Per farlo, tuttavia, il passaggio preliminare è convincere il diretto interessato, Joe Biden, a farsi da parte. Chi potrebbe farlo? L’impresa non è agevole, molti indicano la moglie Jill, la First Lady, come unico “grillo parlante” che potrebbe riuscire nell’impresa. Finora, consiglieri, collaboratori, staff e i maggiorenti del partito non ci sono riusciti. Ma dopo la performance di ieri sera in Georgia (tra l’altro, uno degli Stati in bilico, che determinano la vittoria), l’ipotesi prende quota.

Ap

Il presidente viene accompagnato fuori dallo studio dalla moglie Jill

Cosa prevede il sistema e le regole del Comitato nazionale del Partito democratico

L’idea di una sostituzione in corsa appare complessa e irta di pericoli per un partito già in difficoltà e in rincorsa nei sondaggi (fino a ieri, Trump è avanti di 4 punti su Biden). Sebbene il partito abbia tecnicamente un sistema per nominare un nuovo candidato alla convention nel caso in cui quello prescelto rifiuti la nomination, l’intero processo appare incerto e non viene preso in considerazione da decenni, fa notare Politico

In base alle regole del Comitato nazionale dem, non esiste un meccanismo che consenta ai vertici di cacciare Biden. Se qualcuno vuole sostituirlo, deve impegnarsi in un processo di nomina alla Convention, fissata per agosto a Chicago. Biden ha ottenuto alle primarie circa il 95% dei quasi 4.000 delegati; questi ultimi si presenteranno con una pledge (cioè, una “promessa” di sostenerlo), che non equivale a un “obbligo”.

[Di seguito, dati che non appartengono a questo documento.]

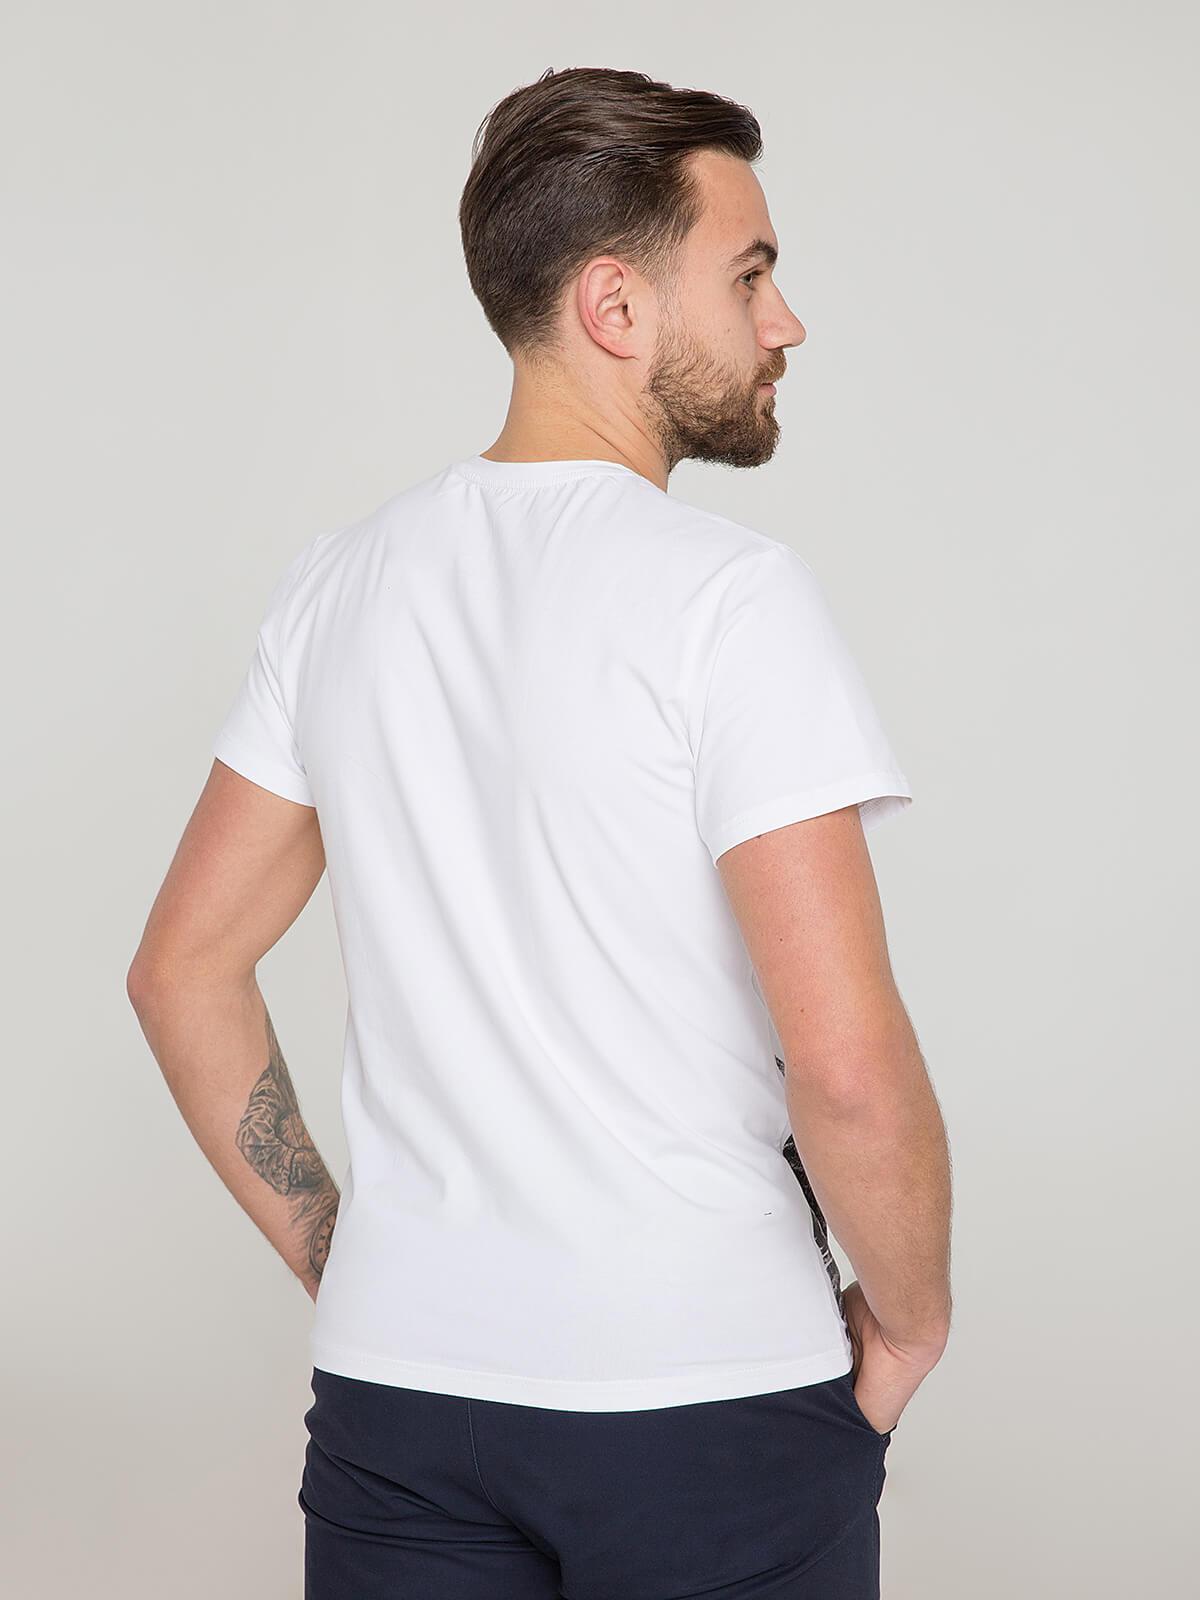 Men's T-Shirt Gowk. Color white.  Material: 95% cotton, 5% spandex.

La campagna di Biden ha avuto un ruolo nella scelta di questi delegati alle Convention statali in tutto il Paese, per negare la nomination al presidente dovrebbe voltargli le spalle almeno la metà dei delegati. Nel caso in cui Biden accettasse di fare un drammatico passo indietro, rifiutando la candidatura, si aprirebbe un processo imprevedibile e temuto da molti nello stesso partito, per tante ragioni. A cominciare da chi potrebbe o dovrebbe essere il sostituto.

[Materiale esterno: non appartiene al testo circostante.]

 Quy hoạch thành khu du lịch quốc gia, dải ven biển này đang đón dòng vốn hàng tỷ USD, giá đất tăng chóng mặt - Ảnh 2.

Gavin Newsom, governatore democratico della California AP

Gavin Newsom, governatore democratico della California

Le probabili alternative, da Newsom a Michelle Obama

Tra i nomi più citati si parte da quello della vicepresidente Kamala Harris, che per prassi dovrebbe sostituire il capo della Casa Bianca di fronte a qualsiasi impedimento (come fece Lyndon Johnson alla morte di John Fitzgerald Kennedy, nel 1962). Ma la stella di Harris non ha brillato in questi quattro anni, quindi la sua carta già ora non viene vista come vincente.

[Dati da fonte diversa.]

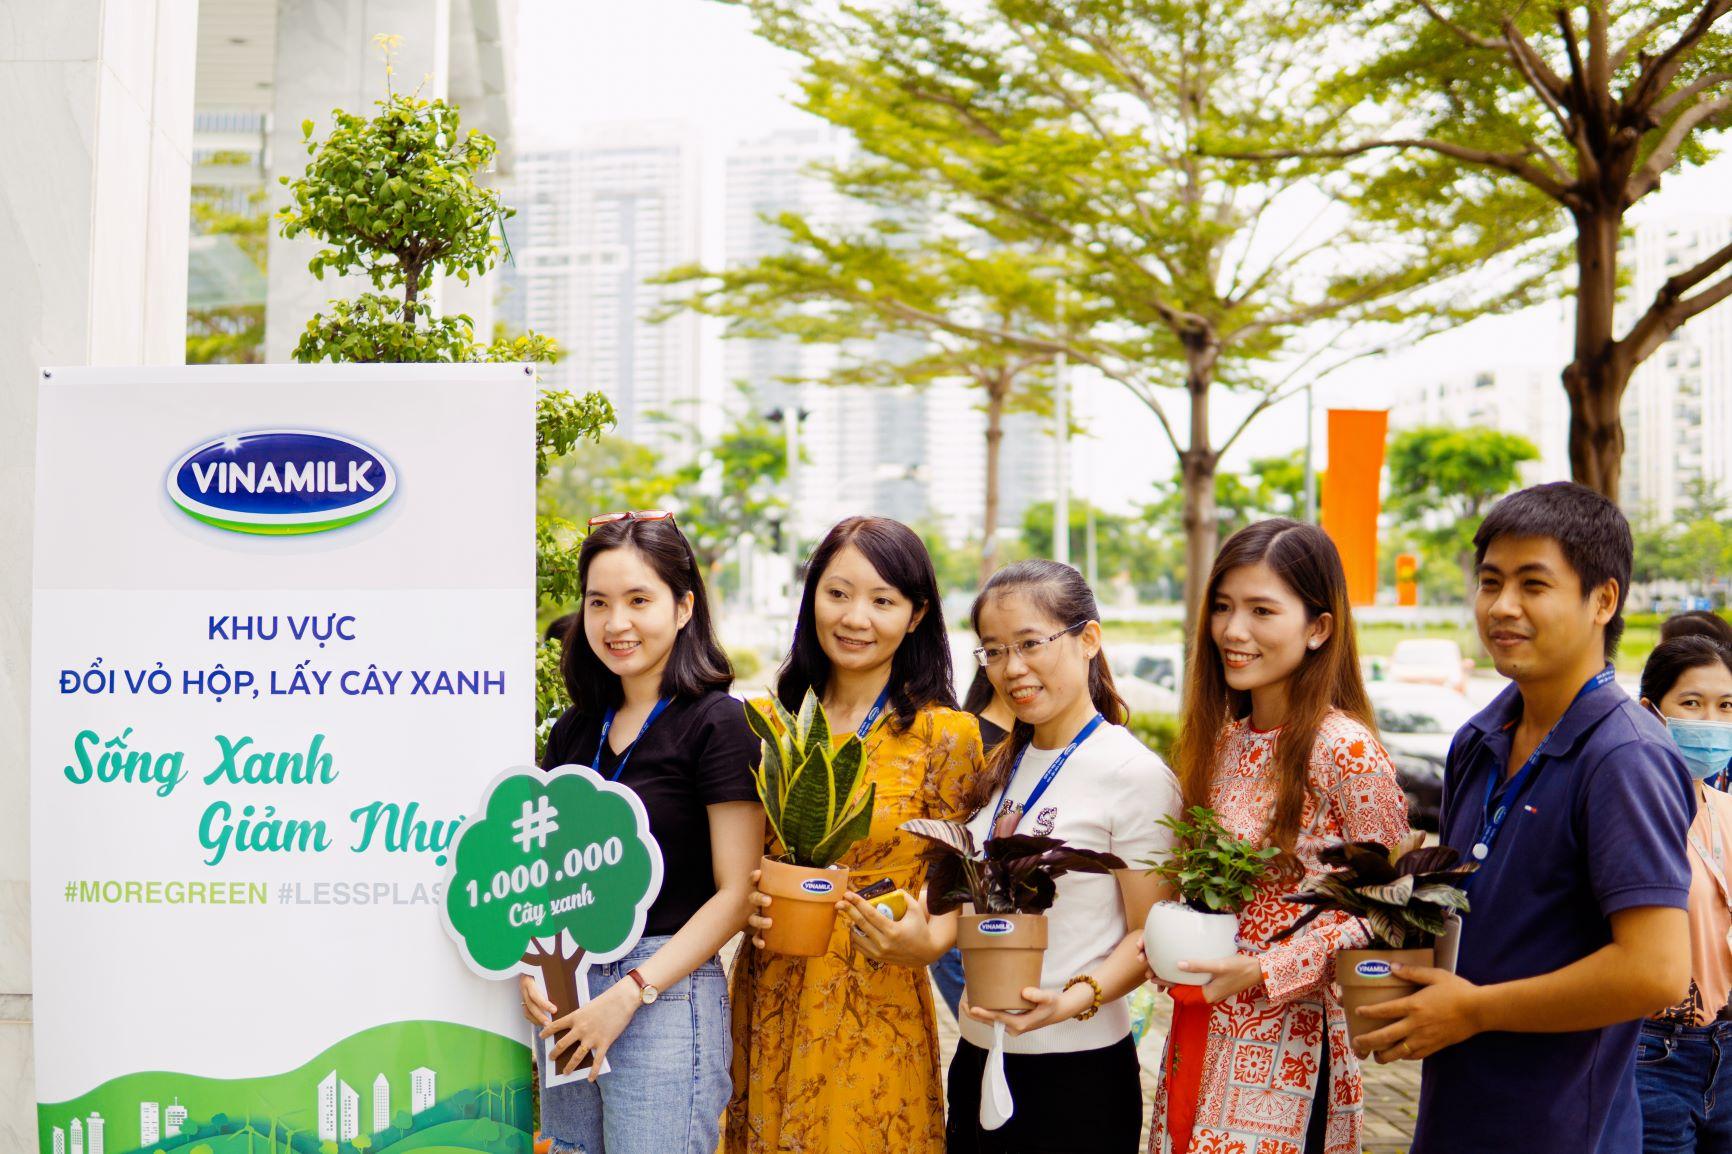 """Bên cạnh tham gia chiến dịch online, tập thể nhân viên Vinamilk còn tổ chức nhiều hoạt động """"offline"""" đồng hành như Ngày hội sống xanh, Đổi vỏ hộp lấy cây xanh…"""

Michael M. Santiago/Getty Images

La vicepresidente Kamala Harris

Poi ci sono i governatori della California, Gavin Newsom, il più brillante, forte e competitivo; quella del Michigan, Gretchen Whitmer (una donna, il che non è poco; attenta ai diritti e alla questione aborto, su cui The Donald ieri ha glissato; e soprattutto proveniente da uno Stato-chiave); infine, quello dell’Illinois, J.B. Pritzker, ricco e intraprendente. Ma si sono fatti i nomi anche di Josh Shapiro (di origine ebraica) e dell’afroamericano Wes Moore, del Maryland.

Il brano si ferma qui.